PLACES & FACES
On Thursday, May 9, Brown University's Center for the Study of Slavery and Justice (CSSJ) is opening a new exhibit entitled “Ships of Bondage and the Fight for Freedom,” at the John Nicholas Brown Center's Carriage House Gallery on Benefit Street, Providence.
The slave ship was, in the words of historian Ira Berlin, “a machine that manufactured modernity,” a technology that made possible the plantations throughout the Americas and created wealth in England, France, Spain, and American ports such as Newport. Professor Marcus Rediker, who spoke recently at the CSSJ about his new book The Amistad Rebellion, calls the slave ship “a strange and potent combination of war machine, mobile prison, and factory,” which over the course of the transatlantic voyage “produced” slaves fit for plantation work.

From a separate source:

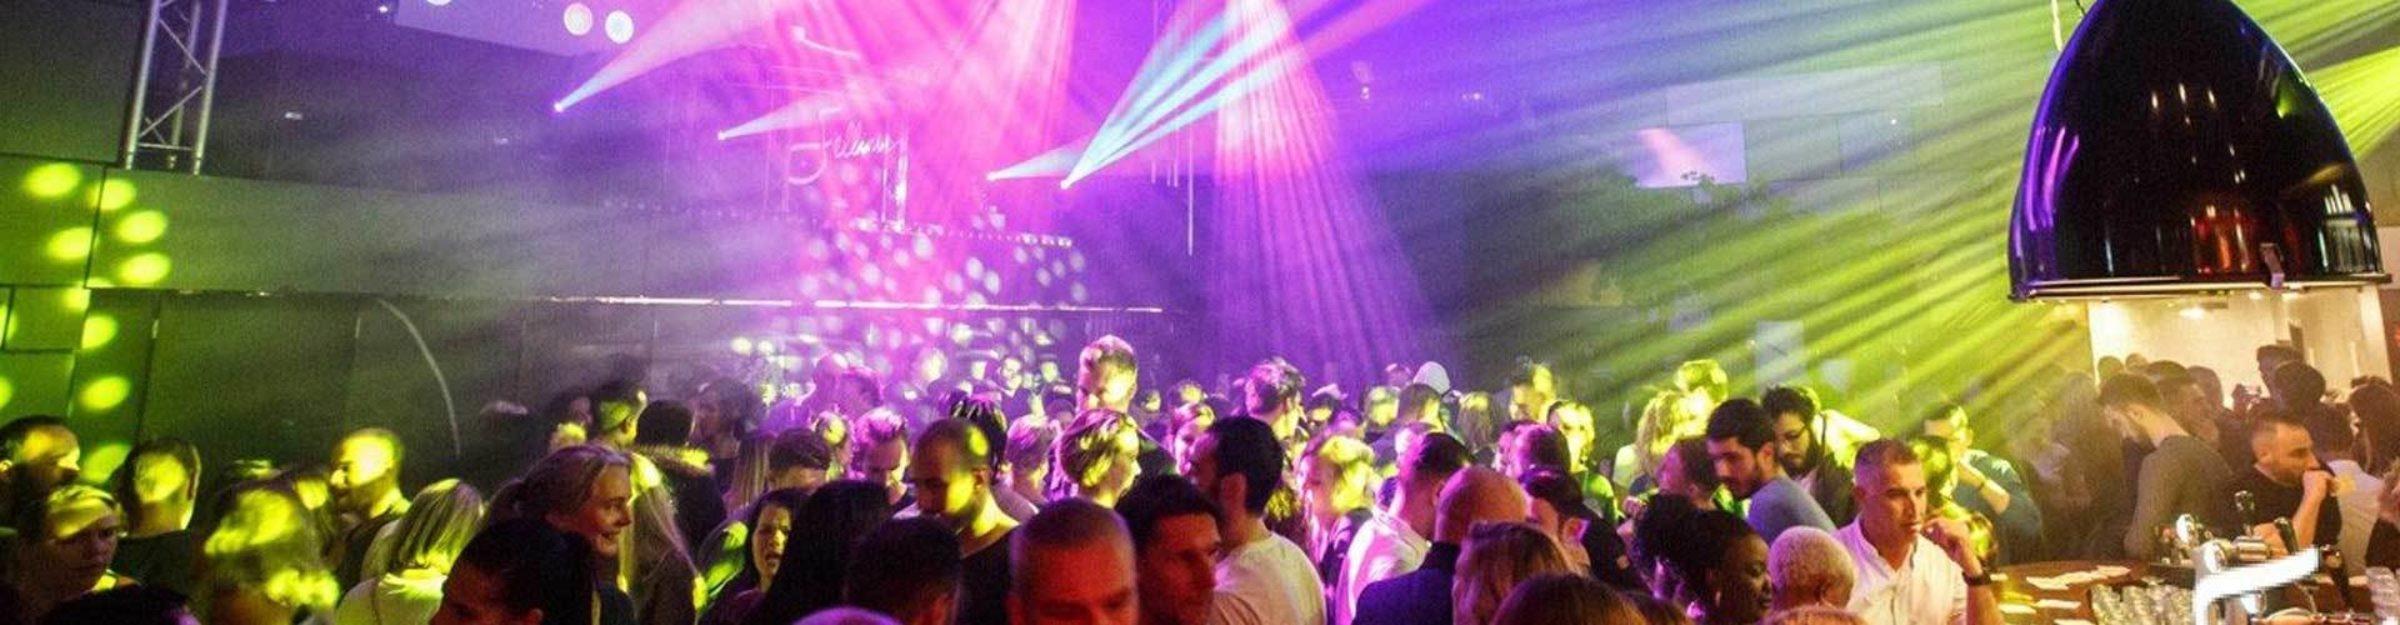 Enschede Fellini Disco Party Slide 05

The new exhibit focuses on three such ships. The Sally, owned by the four Brown brothers and captained by Esek Hopkins, left Providence for the coast of Africa in 1765. Its voyage was marked by illness that decimated its human “cargo” and an insurrection of those who remained. Detailed documents from the voyage are available on the Brown University website. The other two ships, the Meermin and the more famous Amistad, also had insurrections that demonstrate newly-enslaved Africans' determination to resist captivity and return to their homelands.
The opening reception on Thursday, May 9, from 5:30 to 7:00 pm is free and open to the public. The exhibit will run until June 30, 2013. The Carriage House Gallery, part of the John Nicholas Brown Center for Public Humanities and Cultural Heritage, is open on weekdays, 9:30 am to 4:00 pm, with no admission charge.